After running install.sh the operator owns:

  • Replacing the self-signed cert with a CA-issued one (e.g. certbot --nginx -d <host> --redirect) for any deploy beyond a single trusted device. Self-signed is fine for loopback / personal LAN; browsers warn on first visit elsewhere.
  • Keeping nginx and the host OS patched (unattended-upgrades or equivalent). The systemd sandbox profile reduces blast radius but does not eliminate the need to patch.
  • Configuring NOTES_ALERT_WEBHOOK_URL for real-time monitoring of the critical-severity audit events: audit chain break, refresh-token reuse, admin user delete/reset, recovery-code reset, MFA disable, admin MFA enforcement, and WebAuthn clone detection (auth.mfa.login.regression).

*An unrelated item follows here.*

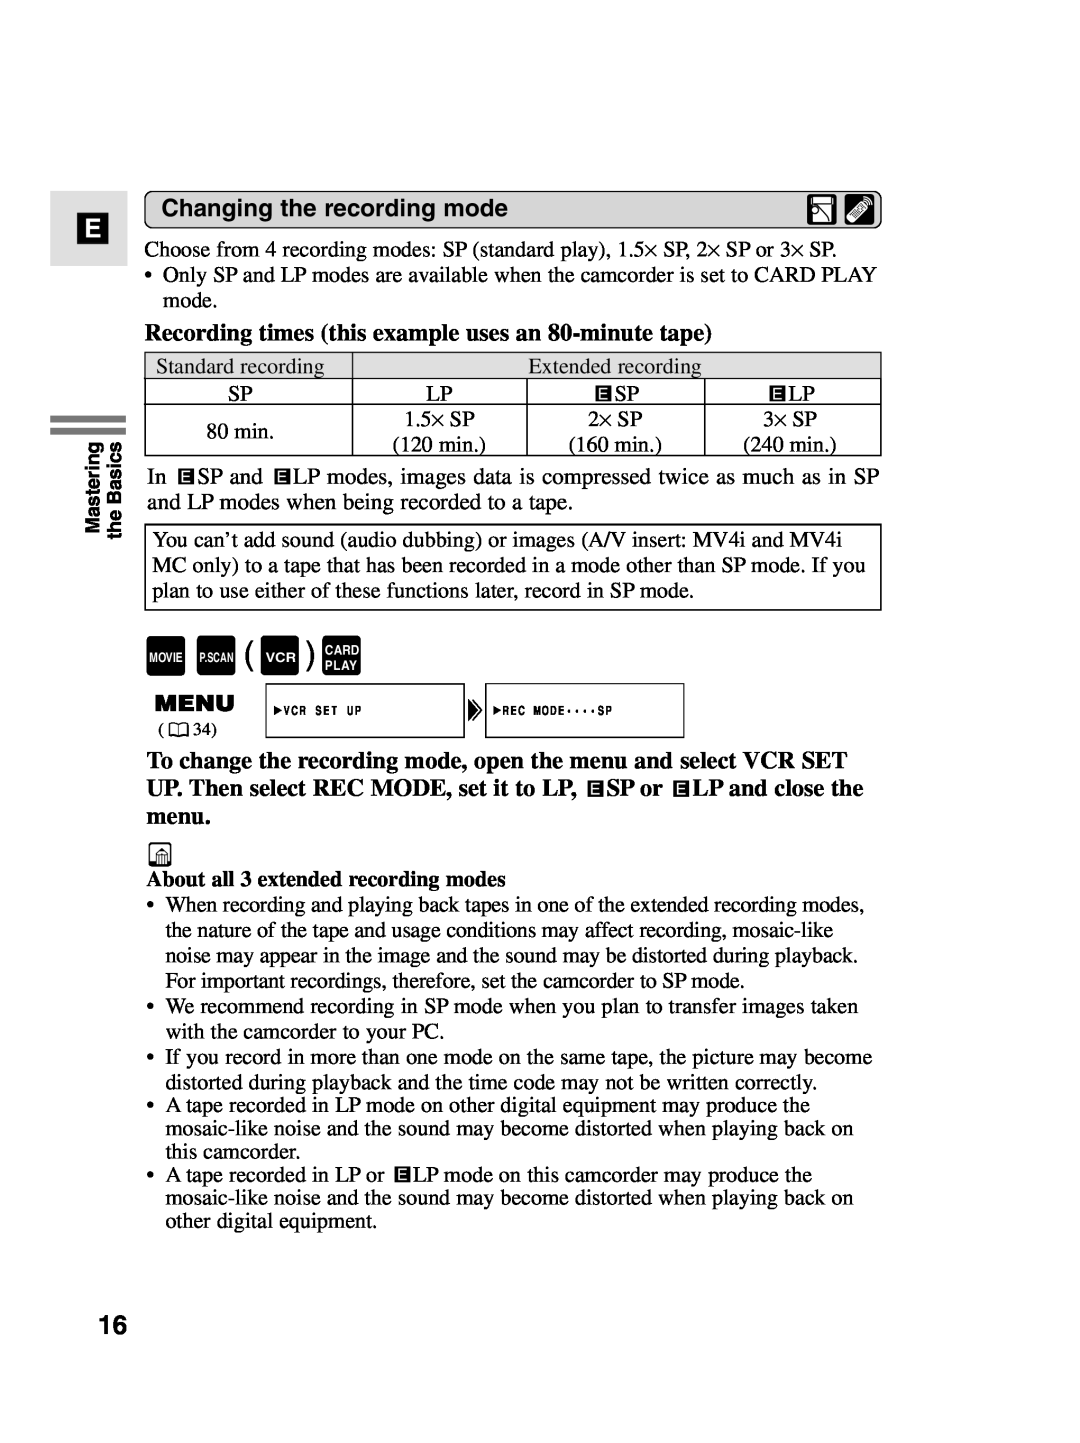 Canon MV4i MC instruction manual Recording times this example uses an 80-minute tape, Changing the recording mode 
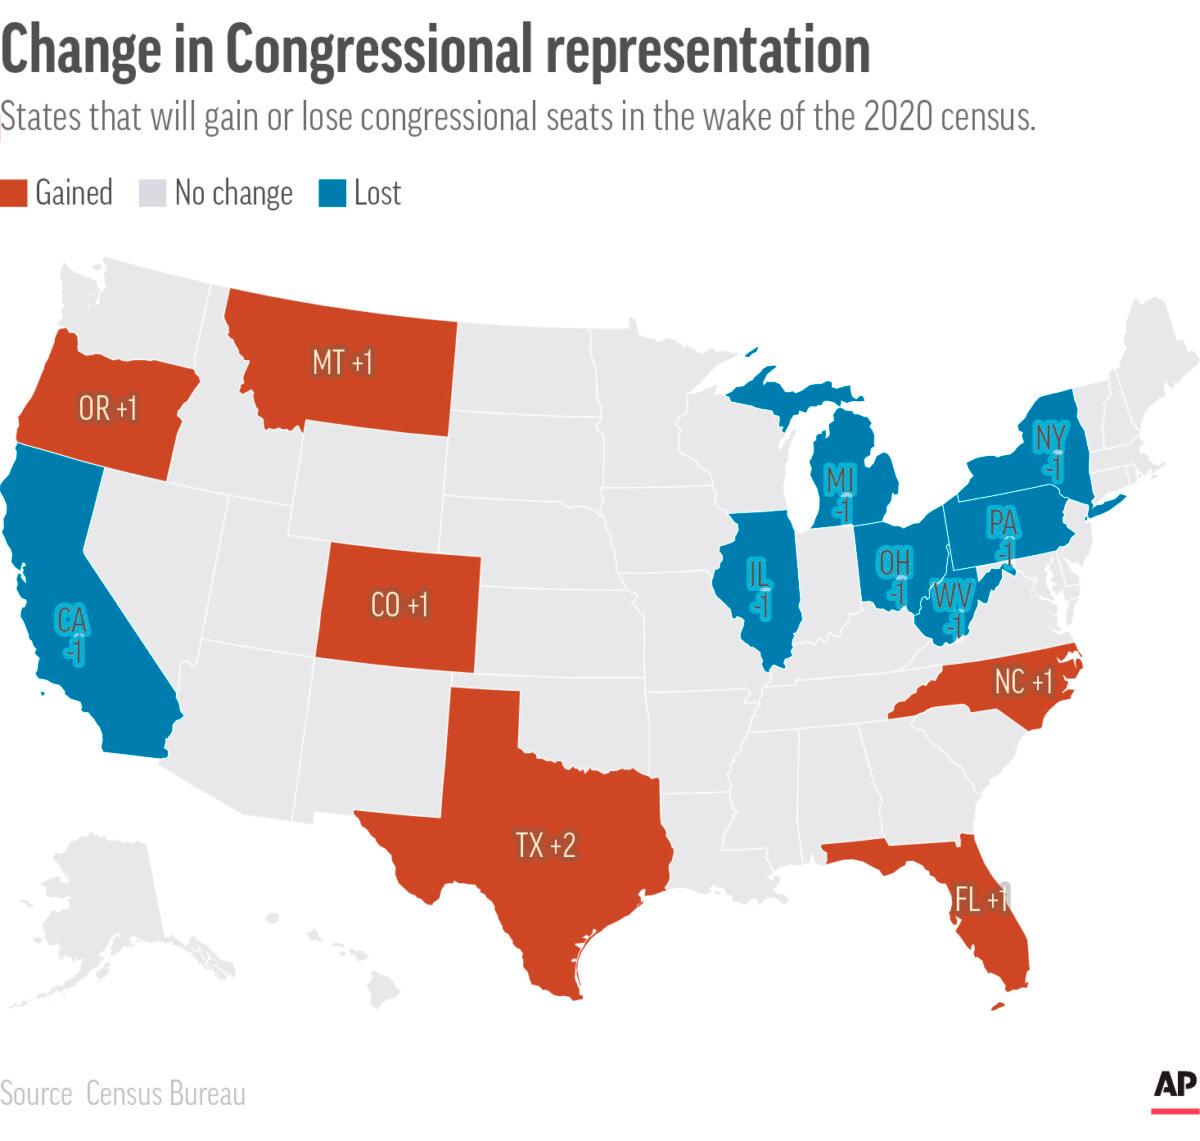 States that will gain or lose congressional seats in the wake of the 2020 census

The canonical set is audit.alerting.CRITICAL_EVENTS. The audit log is at-rest; the webhook is the real-time channel.
  • Backing up keys/audit.key to a different location from db/notes.db. An attacker holding both can decrypt audit metadata.
  • Monitoring journalctl -u notes -f for service crashes or sandbox denials.

Reporting a vulnerability

(set the disclosure address before release)

For now: open an issue on the repository, marking the title [security]. The maintainer will respond within 7 days. We don't yet have a CVE-numbering process; one will be set up before public release.

If the issue concerns active in-the-wild abuse, please redact specifics from the public issue and follow up by direct contact.